Plumas Bancorp (PLBC) is the more profitable company, earning 27.
4% net margin versus 20. 4% for JPMorgan Chase & Co. — meaning it keeps 27. 4% of every revenue dollar as bottom-line profit. Operating margin tells a similar story: PLBC leads at 36. 6% versus 26. 0% for JPM. At the gross margin level — before operating expenses — PLBC leads at 80. 9%, reflecting greater pricing power or product mix advantage. Stronger margins indicate durable pricing power, lower cost of revenue, or higher mix of software/services. They are one of the clearest signs of business quality.
07Is PLBC or BANR or KO or JPM more undervalued right now?
The PEG ratio (forward P/E divided by expected earnings growth rate) is the most precise measure of undervaluation relative to growth potential.
By this metric, JPMorgan Chase & Co. (JPM) is the more undervalued stock at a PEG of 0. 81x versus The Coca-Cola Company's 2. 26x. A PEG below 1. 0 is traditionally considered the threshold for growth-adjusted undervaluation. On forward earnings alone, Plumas Bancorp (PLBC) trades at 10. 1x forward P/E versus 25. 3x for The Coca-Cola Company — 15. 2x cheaper on a one-year earnings basis. Analyst consensus price targets imply the most upside for PLBC: 8. 6% to $61. 50.
08Which pays a better dividend — PLBC or BANR or KO or JPM?
All stocks in this comparison pay dividends.
Banner Corporation (BANR) offers the highest yield at 2. 9%, versus 1. 9% for JPMorgan Chase & Co. (JPM).

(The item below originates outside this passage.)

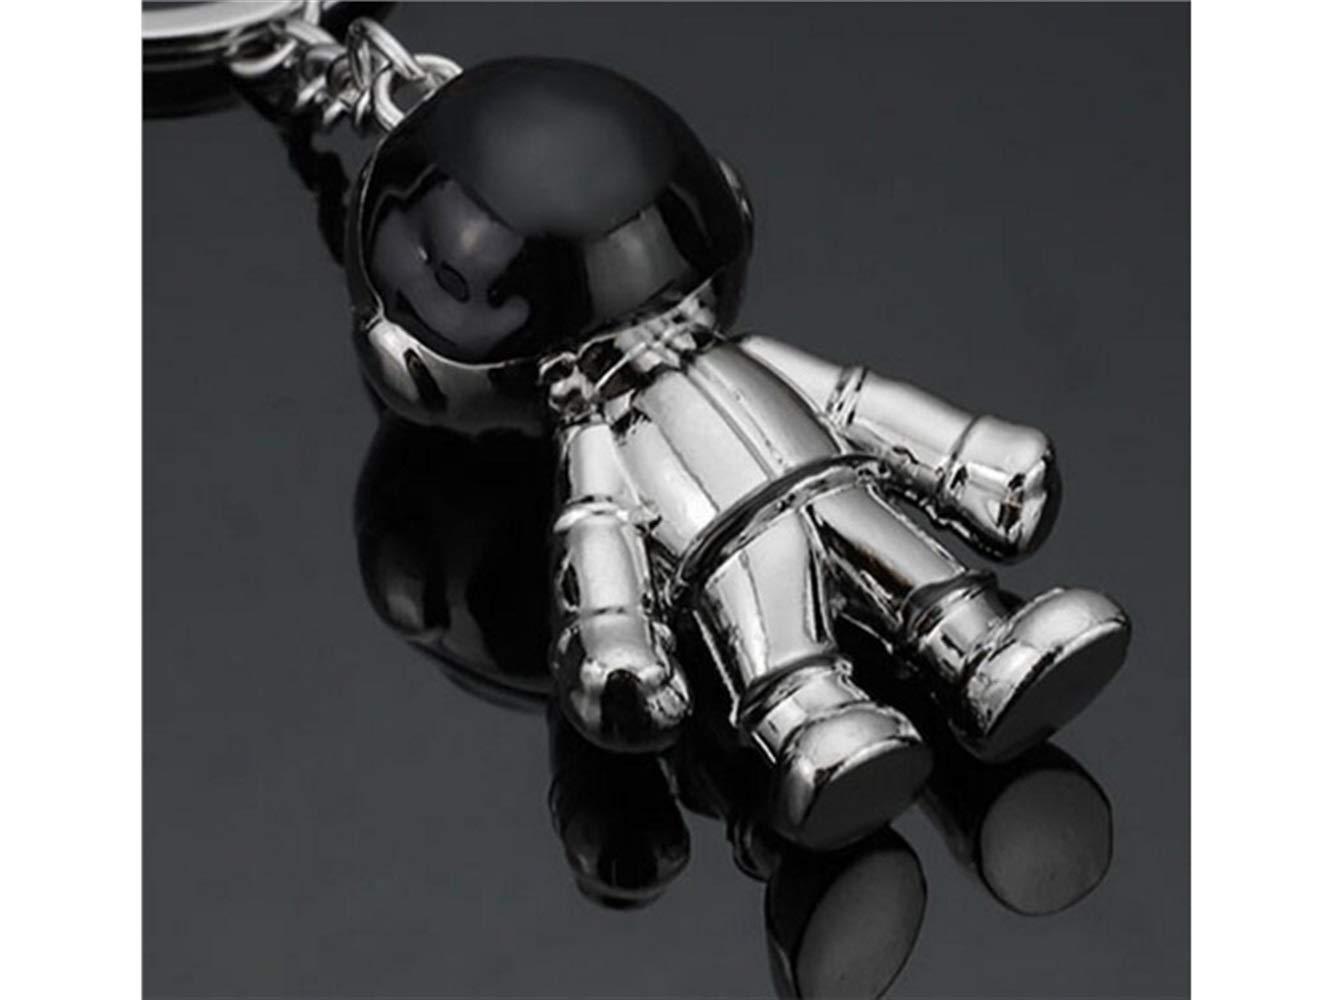 Huertuer keyfob Tridimensionale Astronauta Spazio Robot Pendente Uomini Portachiavi Borsa Decorazione Auto Portachiavi/_Argento Regalo dellamante

09Is PLBC or BANR or KO or JPM better for a retirement portfolio?
For long-horizon retirement investors, The Coca-Cola Company (KO) is the stronger choice — it scores higher on the combination of lower volatility, dividend reliability, and long-term compounding (low volatility (β -0.
20), 2. 5% yield, +121. 1% 10Y return). Both have compounded well over 10 years (KO: +121. 1%, JPM: +465. 8%), confirming both are viable long-term holds — but the lower-volatility option typically results in less emotional selling during corrections. Retirement portfolios generally favour predictability over maximum returns. Consult a financial advisor before making allocation decisions.
10What are the main differences between PLBC and BANR and KO and JPM?
These companies operate in different sectors (PLBC (Financial Services) and BANR (Financial Services) and KO (Consumer Defensive) and JPM (Financial Services)), which means they face different economic cycles, regulatory environments, and macro sensitivities — making direct comparison nuanced.
In terms of investment character: PLBC is a small-cap high-growth stock; BANR is a small-cap deep-value stock; KO is a large-cap quality compounder stock; JPM is a large-cap deep-value stock. These fundamental differences mean investors should not choose between them on a single metric — the "better stock" depends entirely on which of these characteristics aligns with your investment strategy.